Filtrate

The fluid filtered from blood, called filtrate, passes through the nephron, much of the filtrate and its contents are reabsorbed into the body. Reabsorption is a finely tuned process that is altered to maintain homeostasis of blood volume, blood pressure, plasma osmolarity, and blood pH. Reabsorbed fluids, ions, and molecules are returned to the bloodstream through the peri-tubular capillaries, and are not excreted as urine.

Mechanisms of Reabsorption

Reabsorption in the nephron may be either a passive or active process, and the specific permeability of the each part of the nephron varies considerably in terms of the amount and type of substance reabsorbed. The mechanisms of reabsorption into the peri-tubular capillaries include:

• Passive diffusion—passing through plasma membranes of the kidney epithelial cells by concentration gradients.
• Active transport—membrane-bound ATPase pumps (such as NA⁺/K⁺ ATPase pumps) with carrier proteins that carry substances across the plasma membranes of the kidney epithelial cells by consuming ATP.
• Cotransport—this process is particularly important for the reabsorption of water. Water can follow other molecules that are actively transported, particularly glucose and sodium ions in the nephron.

These processes involve the substance passing though the luminal barrier and the basolateral membrane, two plasma membranes of the kidney epithelial cells, and into the peri-tubular capillaries on the other side. Some substances can also pass through tiny spaces in between the renal epithelial cells, called tight junctions.

Tubular secretion

Diagram showing the basic physiologic mechanisms of the kidney and the three steps involved in urine formation. amely filtration, reabsorption, secretion, and excretion.

This is a diagram that shows the basic physiologic mechanisms of the kidney and the three steps involved in urine formation, namely filtration, reabsorption, secretion, and excretion.

Osmolarity Changes

As filtrate passes through the nephron, its osmolarity (ion concentration) changes as ions and water are reabsorbed. The filtrate entering the proximal convoluted tubule is 300 mOsm/L, which is the same osmolarity as normal plasma osmolarity. 

In the proximal convoluted tubules, all the glucose in the filtrate is reabsorbed, along with an equal concentration of ions and water (through cotransport), so that the filtrate is still 300 mOsm/L as it leaves the tubule.
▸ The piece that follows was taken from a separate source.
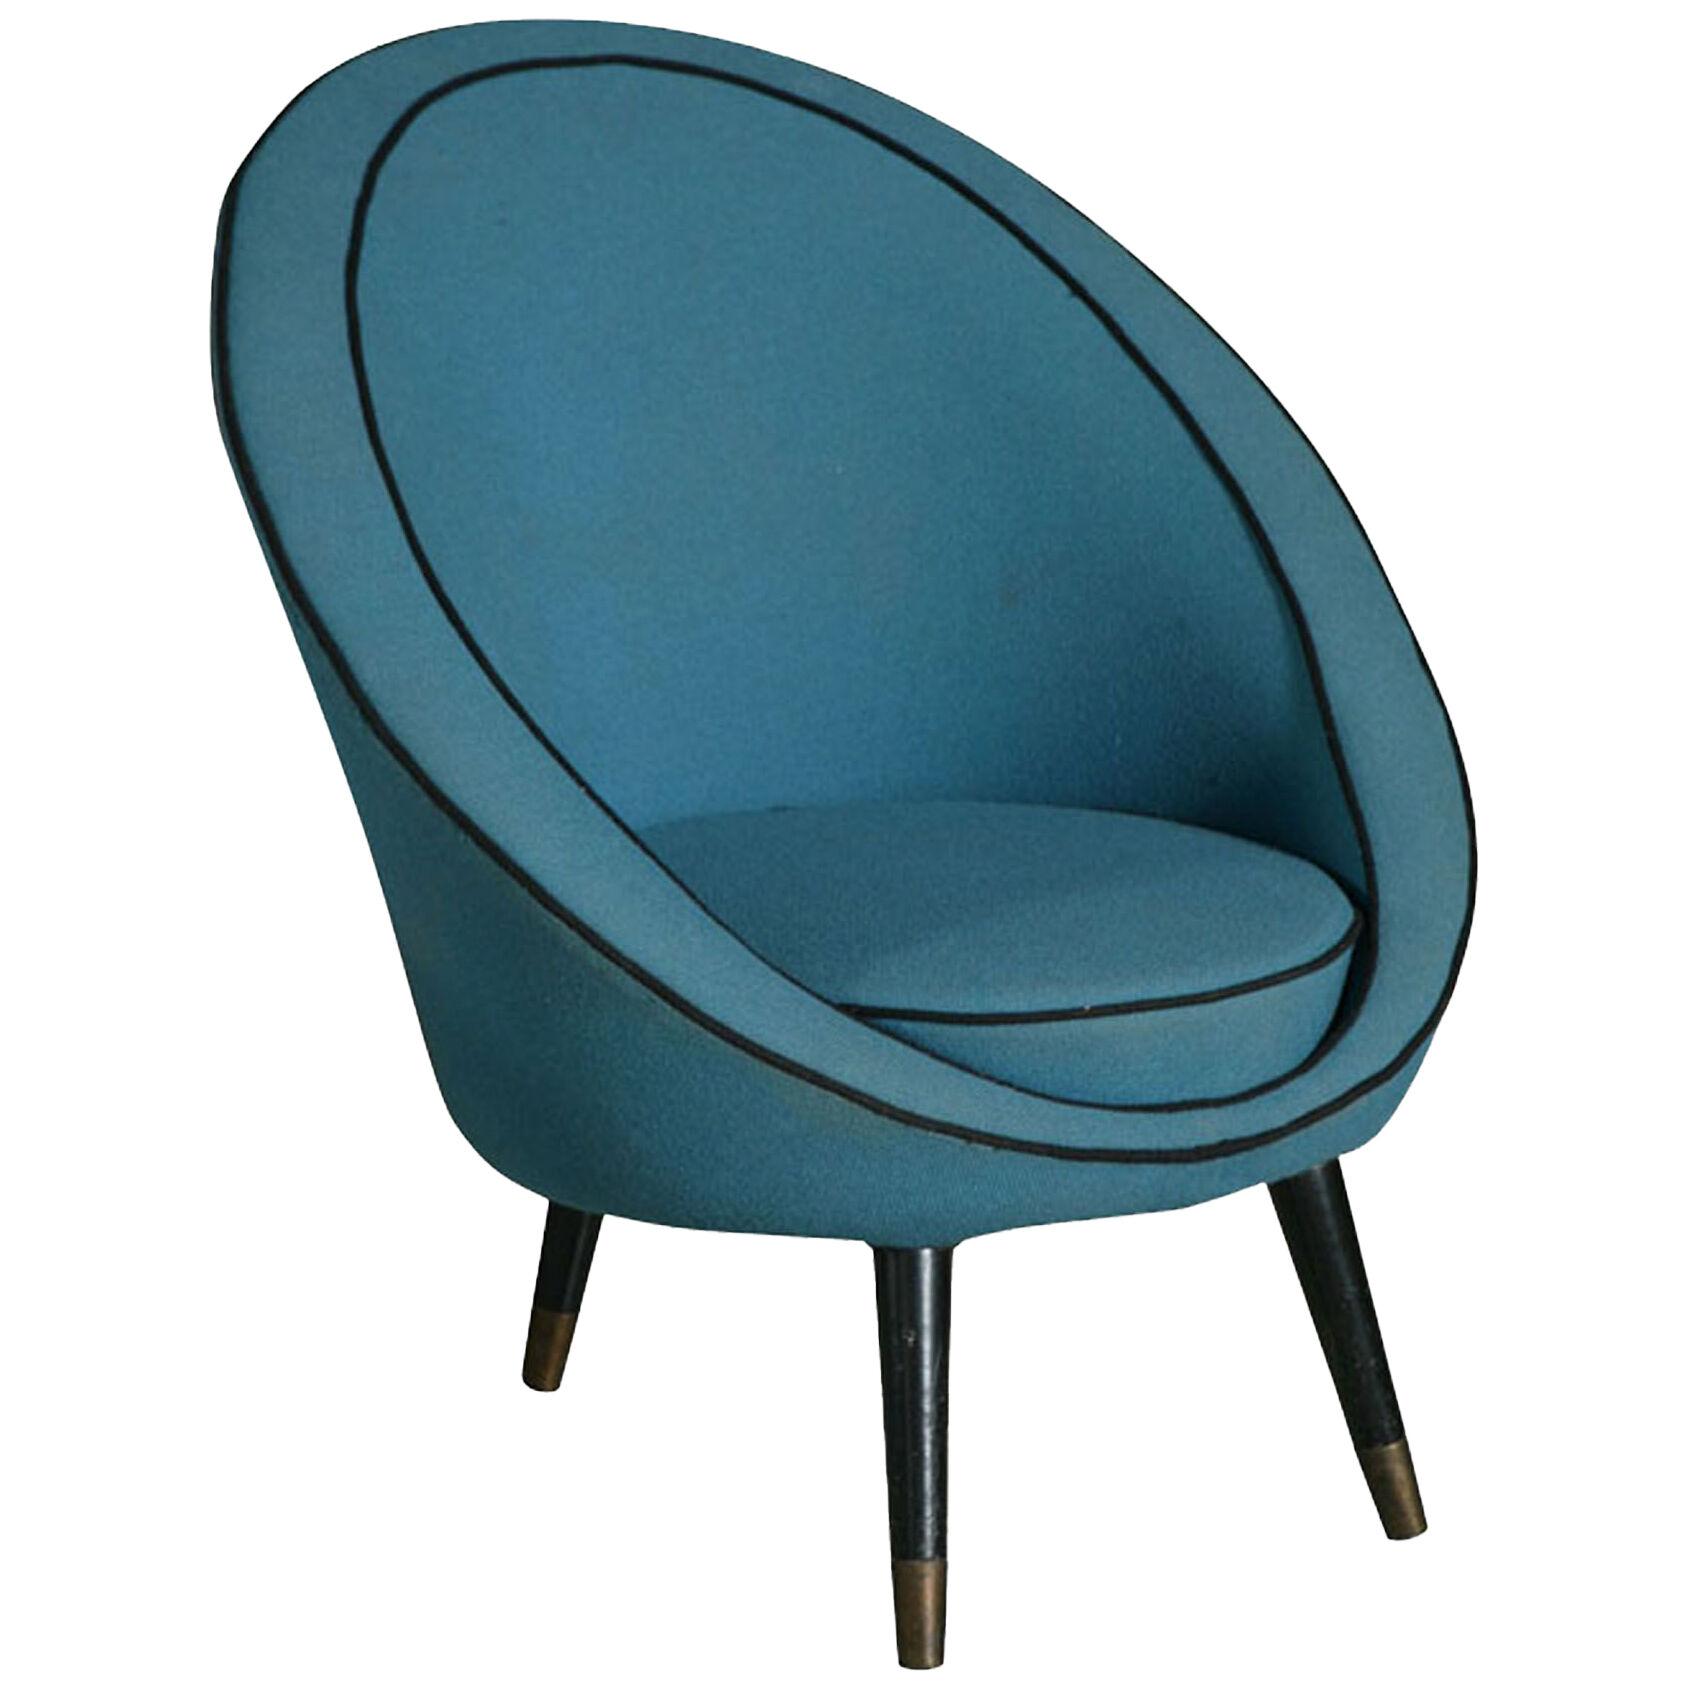 Italian Modern Chair by Ico Parisi

The filtrate osmolarity drops to 1200 mOsm/L as water leaves through the descending loop of Henle, which is impermeable to ions. In the ascending loop of Henle, which is permeable to ions but not water, osmolarity falls to 100–200 mOsm/L. 
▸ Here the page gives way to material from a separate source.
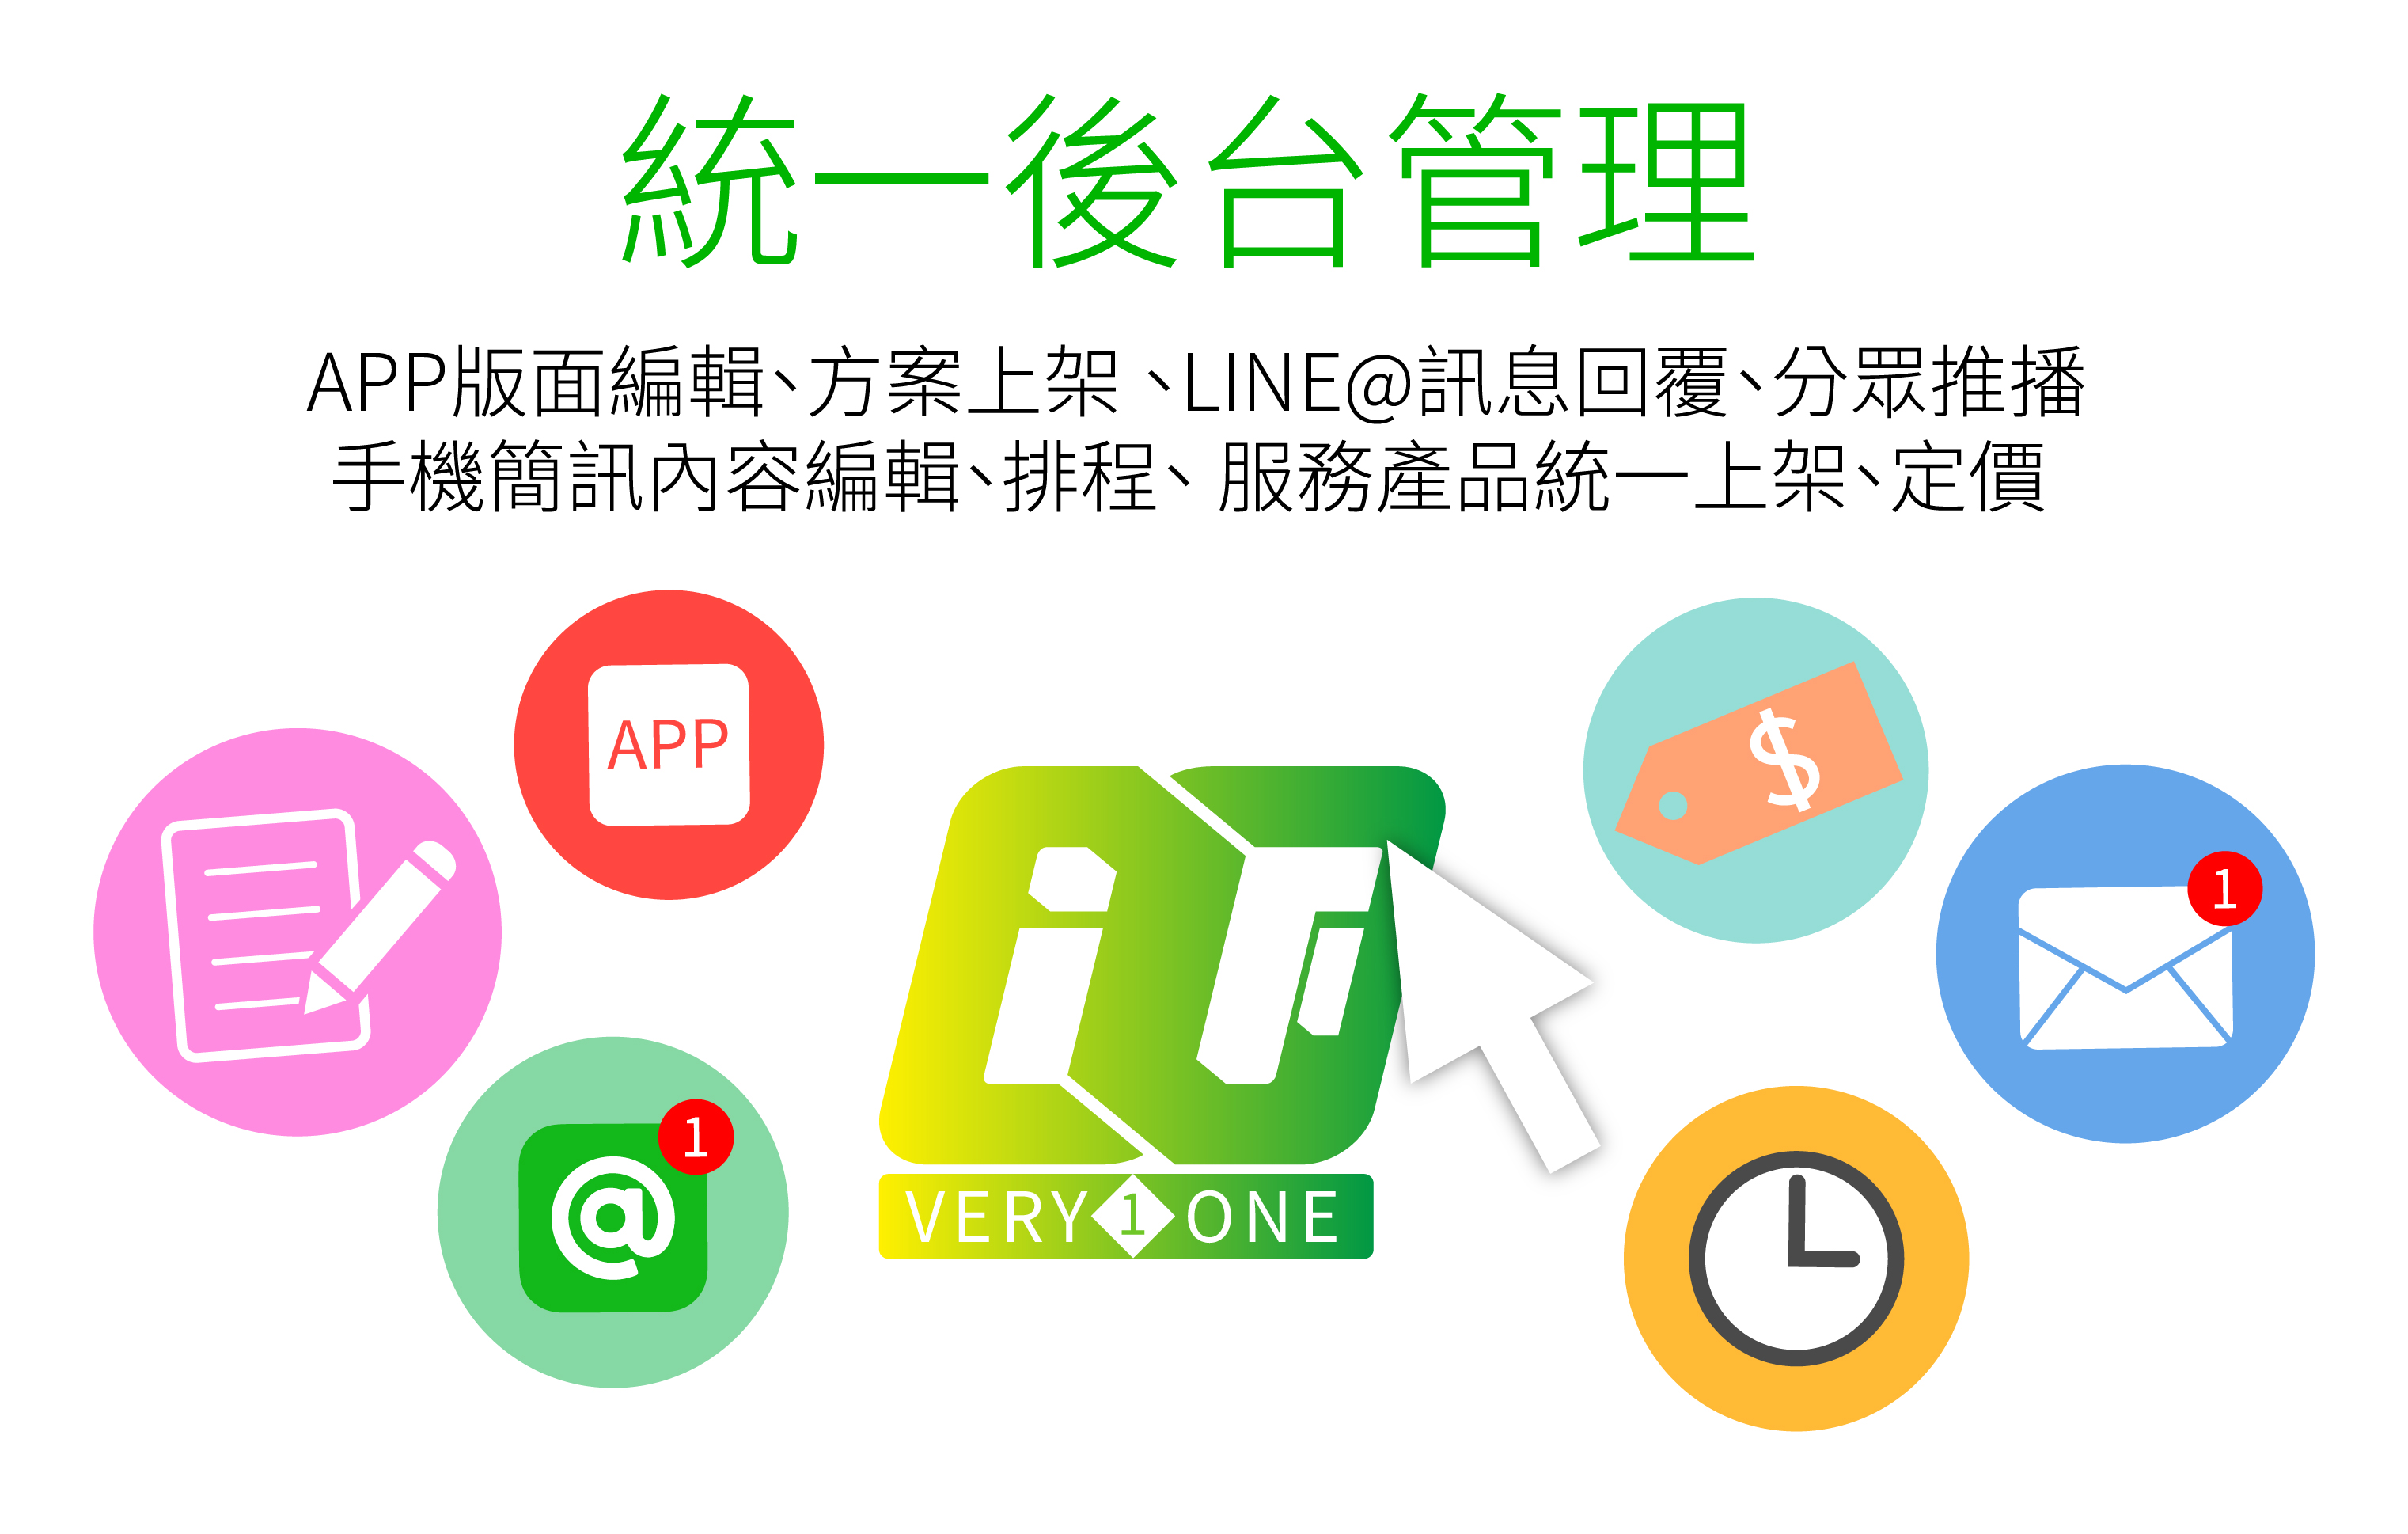 line@,line@管理,Line@系統,LINE行銷,LINE行銷經營,LINE官方帳號 行銷,LINE官方帳號 經營,LINE社群 經營,LINE行銷 案例,LINE社群 行銷,LINE行銷 工具

Finally, in the distal convoluted tubule and collecting duct, a variable amount of ions and water are reabsorbed depending on hormonal stimulus. The final osmolarity of urine is therefore dependent on whether or not the final collecting tubules and ducts are permeable to water or not, which is regulated by homeostasis.

Reabsorption throughout the nephron

A diagram of the nephron that shows the mechanisms of reabsorption.

A diagram of the nephron that shows, from left to right: filtration in the renal corpuscle, vital reabsorption and secretion in the proximal convoluted tubule, solution concentration in the loop of Henle, and optional reabsorption and secretion in the distal convoluted tubule and the collecting duct.